Ok, so my all of my Freon recently leaked out of my condenser and, given that the furnace and ac are both several decades old, I've decided that it's time to pony up and get replacements. I'm a new homeowner, so all of this is very confusing for me.

I've gotten a number of bids from different HVAC companies:

Bid #1
Carrier 24ABB3 (Comfort Series) 13 SEER A/C 
Carrier 58STA (Comfort 80 Series) 80% Single-stage Furnace
or upgrade to
Carrier 24ANB6 (Infinity Series) 16 SEER A/C
Carrier 58CVA (Infinity 80 Series) 80% Variable Two-stage Furnace
both with a CNPVP3617ATA Cased Vertical Tin-Plated N-Coil

Bid #2
Carrier 24ABB3 (Comfort Series) 13 SEER A/C 
Carrier 58CVA (Infinity 80 Series) 80% Variable Two-stage Furnace
with a CNPVPB617 coil

Bid #3
Lennox 13ACX (Merit Series) 13 SEER A/C
Lennox ML180 (Merit Series) 80% Single-stage Furnace
or upgrade to
Lennox 14ACX (Merit Series) 14 SEER A/C
Lennox SL280V (Signature Series) 80% Variable Two-stage Furnace
with a CX34 coil

I live in Missouri, so we have a temperate climate but do get a few very cold days in winter and very warm days in summer. I'm also a spendthrift and use the A/C and heat as little as possible. I'd generally rather open a window or put on a blanket than spend the extra money on utilities. I also plan on being in my home for the next 7-10 years. Funds are tight, so cost (short and long-term) are definitely a concern.

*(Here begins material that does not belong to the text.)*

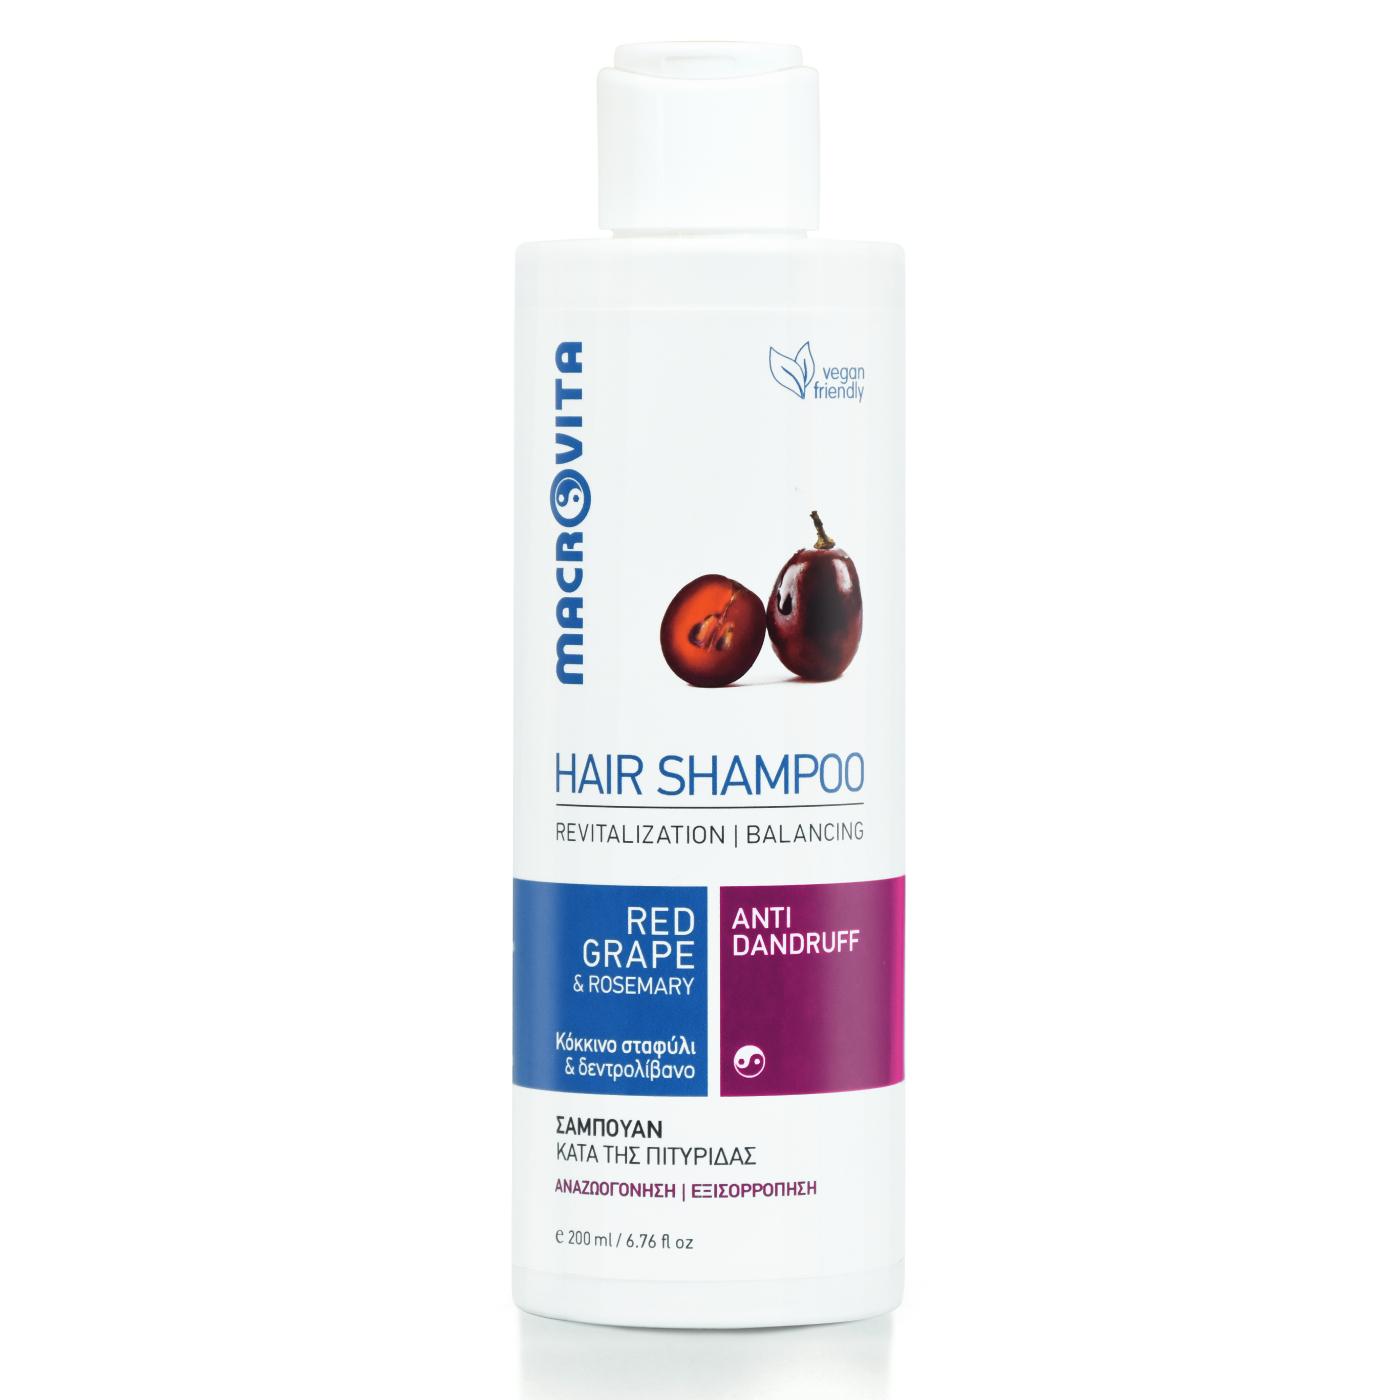 MACROVITA Prirodni šampon protiv peruti – Red Grape 200ml

So, which system do you think would be best (I've omitted prices in accordance with the forum rules)? What are the differences in quality/lifespan? Is choosing the 80% efficiency, which every installer recommended, a bad idea? Is the upgrade to a two-stage variable furnace worth it? What about the upgraded a/c systems and are the coils properly matched? Any other models that I should consider that would better fit my needs. Sorry for the long list of questions, but this stuff is just so confusing to me. I'm completely overwhelmed with information.


----------



## TopTechnician (Jun 6, 2012)

I am on my phone, typing with my thumbs... So excuse my brevity. I would go with the first system you mentioned, based on your comments about being thrifty. But before saying that is my "final answer", can you tell me where (what part of the house) your furnace is, and where the majority of your ductwork is (attic, crawl, interior bulkhead...)
Thanks


----------



## nickarmadillo (Jun 15, 2012)

Thanks for the reply! Which do you mean by first system? The base-level Carrier?

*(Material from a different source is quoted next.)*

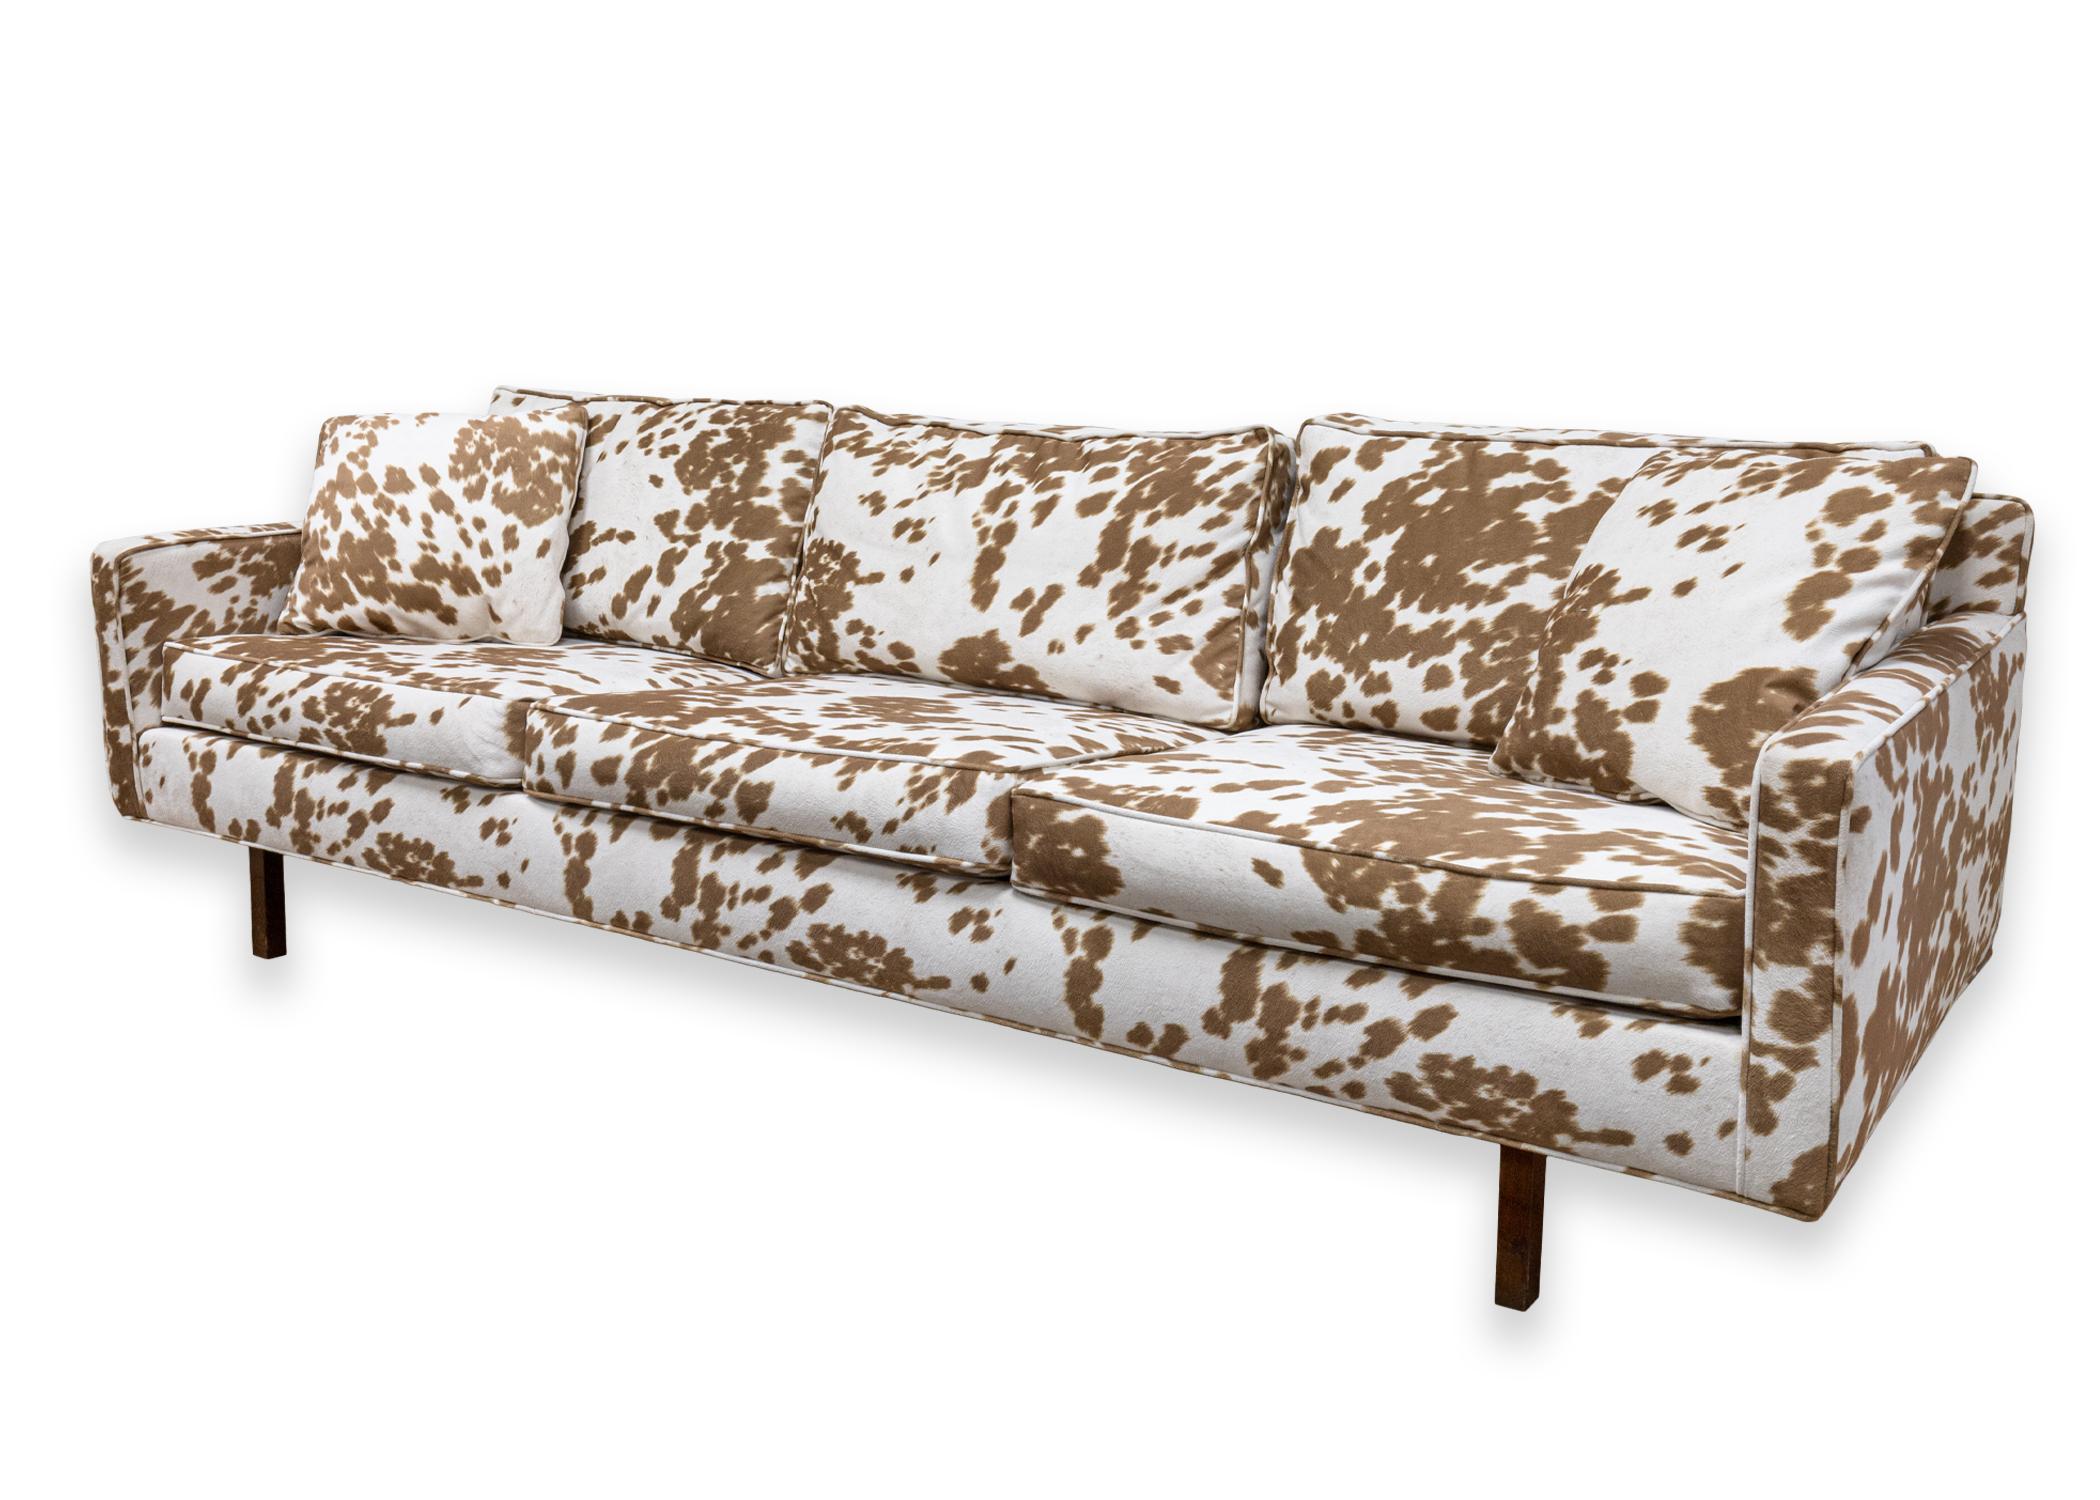 Un canapé Directional de style Milo Baughman. Un magnifique canapé doté d'une tapisserie d'ameublement marron et blanche à motif de vache, tout à fait unique. Ce canapé est doté de coussins amovibles, de deux coussins assortis et de pieds en bois

The system is located in the basement of our 1 1/2 story home. The majority of the ductwork is in the basement with the ducts going up the interior of the first floor walls, but we also have two registers in the second story. It does get a bit hot/cold up there, but I'm told that's just what's going to happen with a converted attic.


----------



## HVACDave (Oct 16, 2007)

I personnaly like the Carrier package #2. The 2 stage infinity furnace is very adaptable as far as fan speed, control application etc. works, but I wouldn't spend a pile of money on the infinity AC. The basic AC will work just fine.


----------



## TopTechnician (Jun 6, 2012)

You will probably get as many different answers as you get resposes. But here is my thinking:
The higher efficiencies probably aren't worth the money to you the way you use your system (sparingly).
There are, however, some other advantages to the upgraded systems, as Dave points out, like the variable speed fan, which can circulate air quietly between cycles, possibly helping out that top floor.
That's why I asked about where the furnace was; the 58STA doesn't have any noise-reducing features.
Also, if your ductwork was in the attic, then I definitely wouldn't recommend two speed equipment, as you would lose too much heat or cool during low speed operation.


----------



## carmon (May 8, 2010)

i prefer Lennox 2 stage variable and either an XC-13 or a 13-ACX.... probabbly because we sell Lennox.... 4 years now and zero furnace trouble... one bad hi pressure switch in condensing unit and 2 coil leaks... pretty good record so far..and we sell lots of them... bottom line is all furnaces are good ...get a good install and you will be happy


----------



## Mr.HVAC (Jan 1, 2010)

carmon said:


> i prefer Lennox 2 stage variable and either an XC-13 or a 13-ACX.... probabbly because we sell Lennox.... 4 years now and zero furnace trouble... one bad hi pressure switch in condensing unit and 2 coil leaks... pretty good record so far..and we sell lots of them... bottom line is all furnaces are good ...get a good install and you will be happy



Yea me too, I prefer Lennox. We sell and installed lennox and had little problems. To the OP, you will get mix reviews when asking about brand. Both brands are good, just make sure you get a quality install. As far as model, GET THE VARIABLE SPEED. You will not regret it.


----------



## nickarmadillo (Jun 15, 2012)

Thanks for the replies! So my first inclination is to either go with the base Lennox system, as the Carrier cost significantly more. Is this a good idea? Is Carrier THAT much better/more reliable? If I don't use my a/c or furnace, is there any reason to upgrade to the more efficient a/c and the variable furnace? From what I hear, a 90%+ furnace isn't going to be a good ROI.


----------



## hvactech126 (Nov 11, 2010)

In my area there is NO Lennox warehouse so everything to repair a Lennox has to be shipped in. We have warehouses for basically all other manufacturers though. That is really the only reason I can think to maybe go with one over the other. Ask your contractor if they stock parts for the unit and where the nearest warehouse is for said brand.


----------



## nickarmadillo (Jun 15, 2012)

Ok, so I've finally narrowed it down to one contractor. He's got good reviews on Yelp, Angie's List, and Google and was the only one who both showed up on time and performed a load calc.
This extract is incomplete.